Geldiklerinde daha normal bir şekilde tanışıp ayrıntıları konuştular saatlerce.
Chanyeol telefon görüşmesi yaparken
Baekhyun da etrafı inceliyordu.Chanyeol kocaman bir evde tek başına yaşıyordu. Baekhyun iç çekip onun ne kadar şanslı olduğunu düşündü.
Uzun olan telefonu kapatıp ona bakınca Baekhyun da gözlerini ona çevirdi.
"Evi kısaca gezdireyim sonra senin için alışverişe gideriz olur mu?"
"Ama... Sadece biraz param var, yeni bir iş bulana kadar idare etmeliyim..."
Chanyeol güldü.
"Yakında kocan olacağım, bunları düşünme. Sen istediğin şeyi seçebilirsin ben ödeyeceğim."
"Ama Chanyeol... Bu çok kabaca olur. Ayrıca bir role bu kadar kaptırmaya gerek yok..."
Chanyeol'ün yüzü düşse de çabucak toparladı.
"Sözümü dinle Baekhyun."
Baekhyun bir şey söylemedi. Bu sert ifadesini ilk kez görüyordu. Elleriyle oynarken önünde sallanan anahtarla kafasını kaldırdı.

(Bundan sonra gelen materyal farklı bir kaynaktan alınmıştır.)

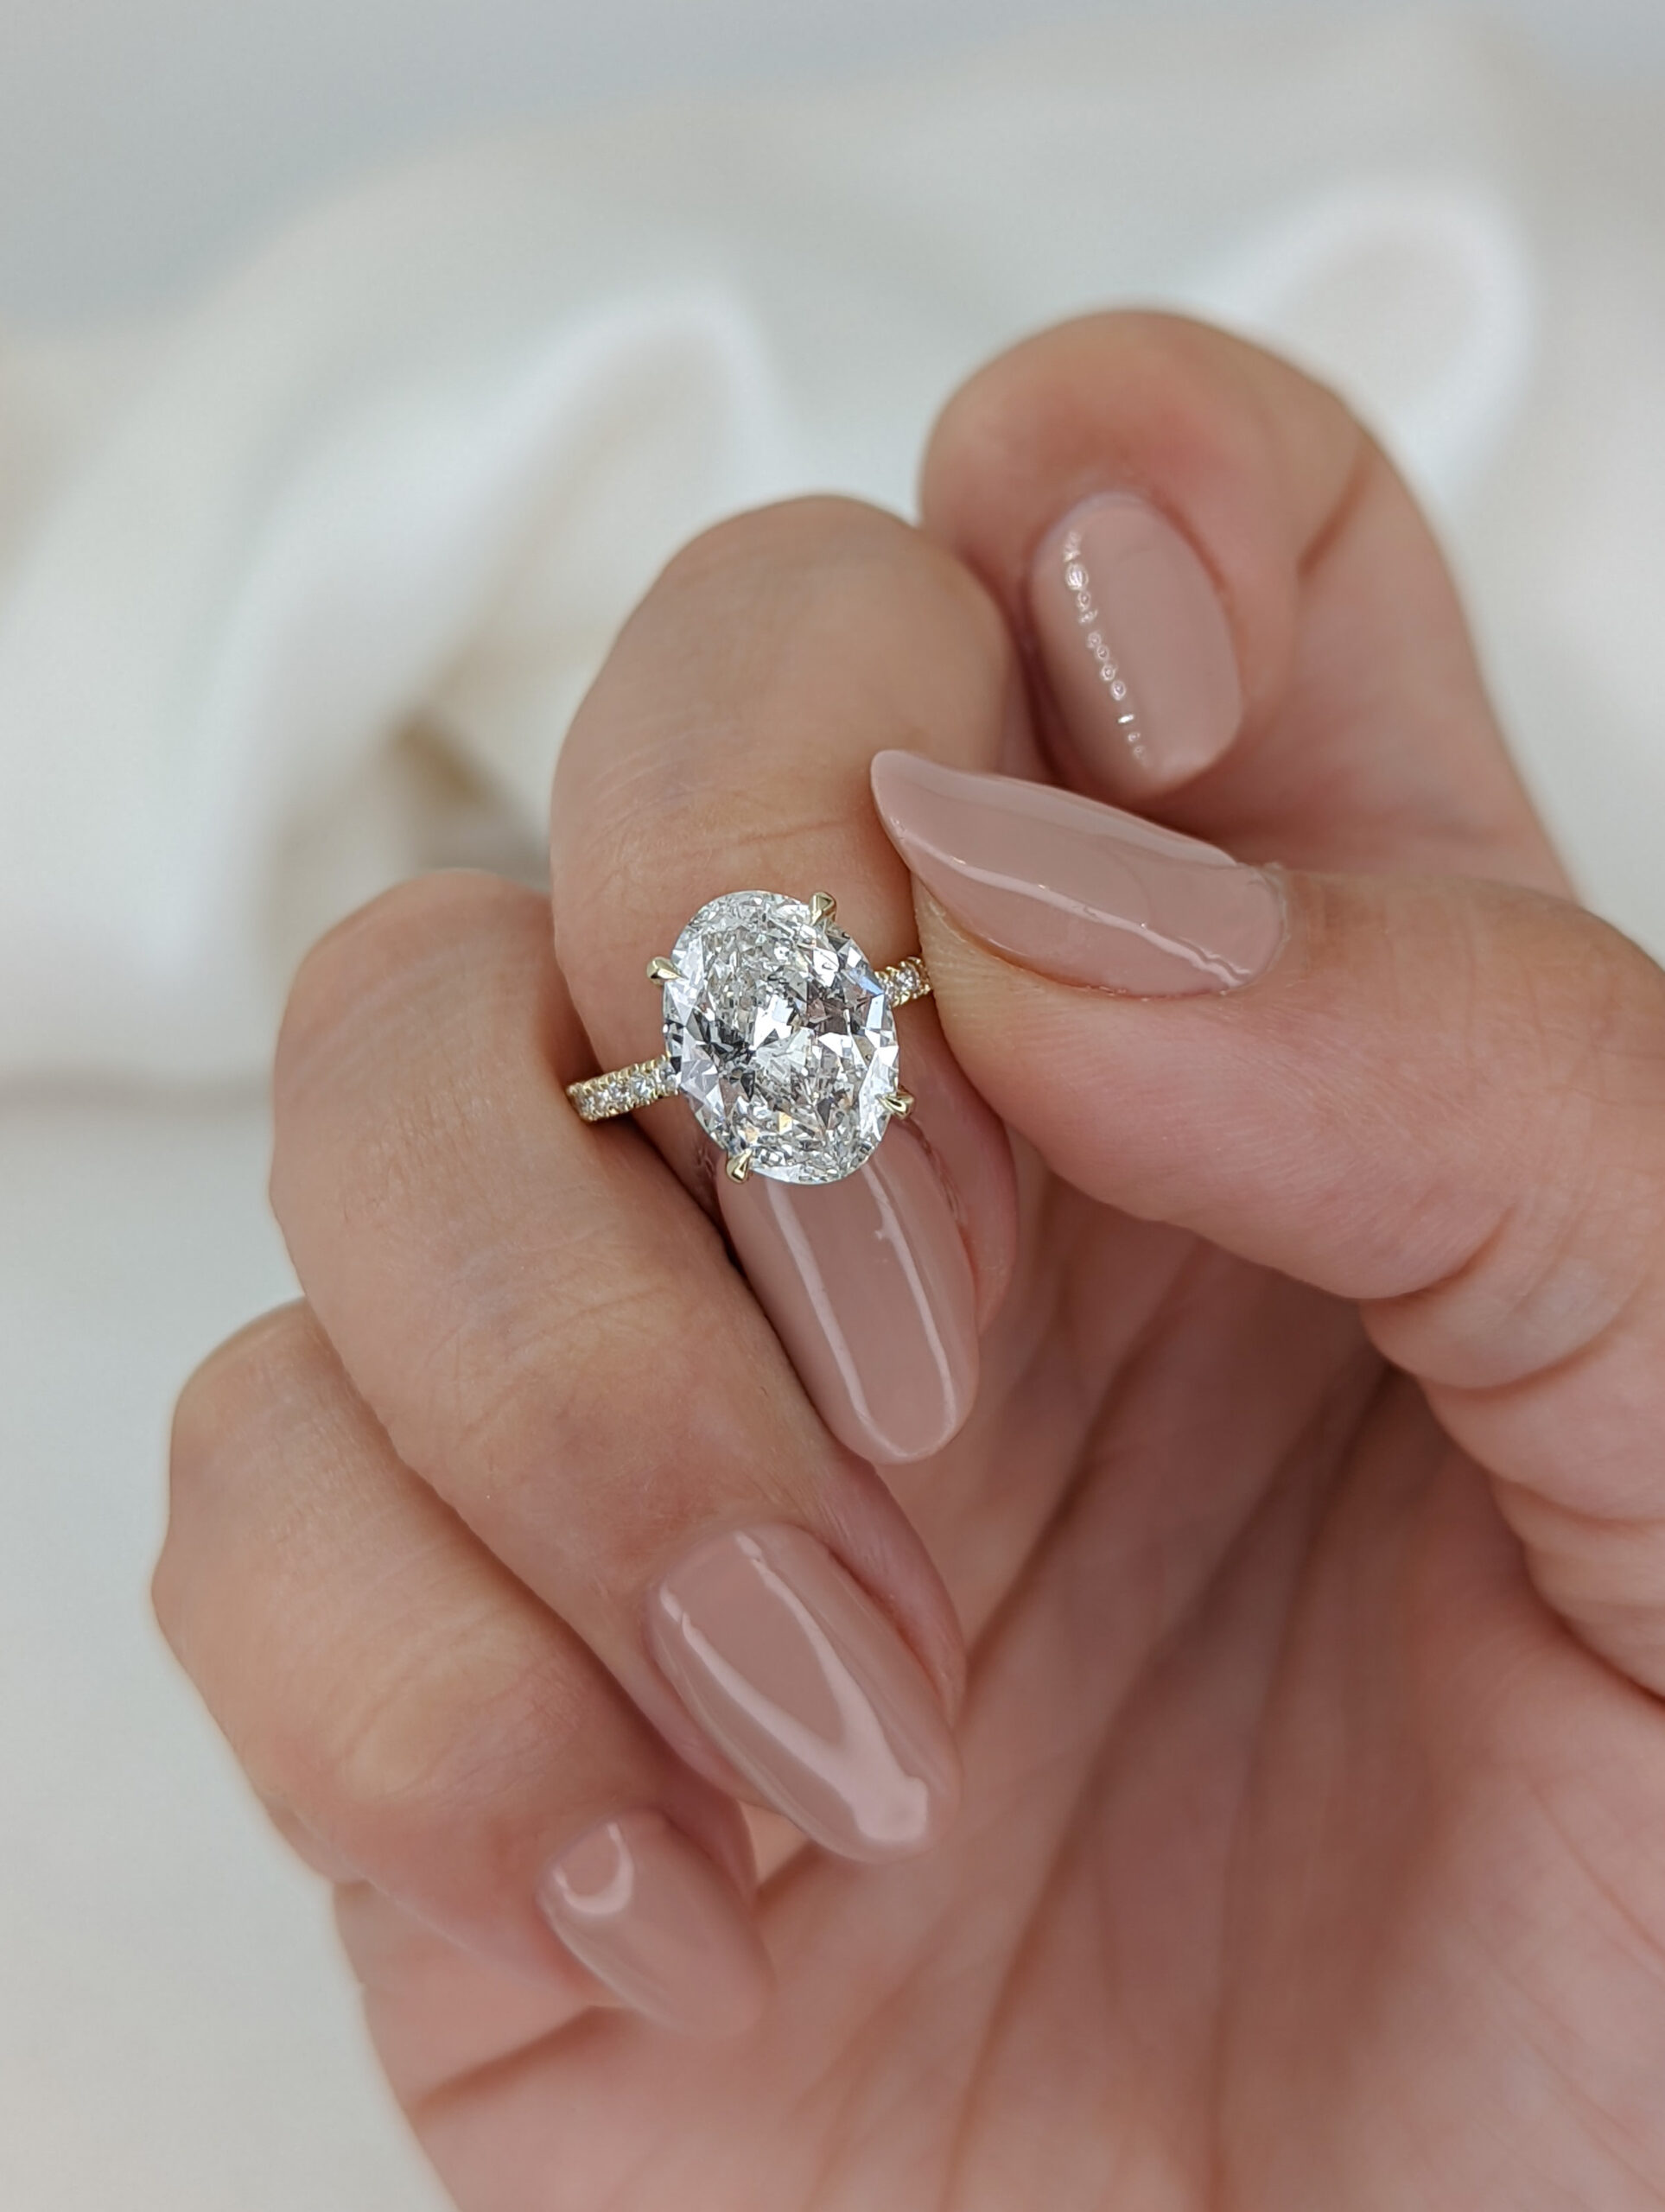 Buy Oval Shaped Diamond Engagement Ring, 2 Carat Oval Shape, 14k White Gold Diamond  Ring, Oval Diamond Ring, Halo Diamond Ring, Engagement Ring Online in India  - Etsy

"Bu senin odanın anahtarı. İstersen kapıyı kilitlersin... Şimdi sana orayı ve diğer odaları göstereceğim zaten."
Baekhyun kafasıyla onaylayıp kalktı.
Chanyeol sırayla odaları gösterdikten sonra, gülümsedi."Teşekkür ederim."
Chanyeol de güldü.
"Bir şeye ihtiyacın olursa söyle. Biliyorsun, çaprazdaki benim odam."
"Tamam..."
Chanyeol gittikten sonra Baekhyun odasına girip pencerenin önünde durdu.
Manzara cidden güzeldi.
Bir süre daha dışarıyı seyredip yatağına gitti Baekhyun. Uzanıp gözlerini kapattı. Rahat bir yerde uyumayı özlemişti.
Baekhyun düşüncelerinden bir süreliğine arınmak için uyumayı tercih etmişti.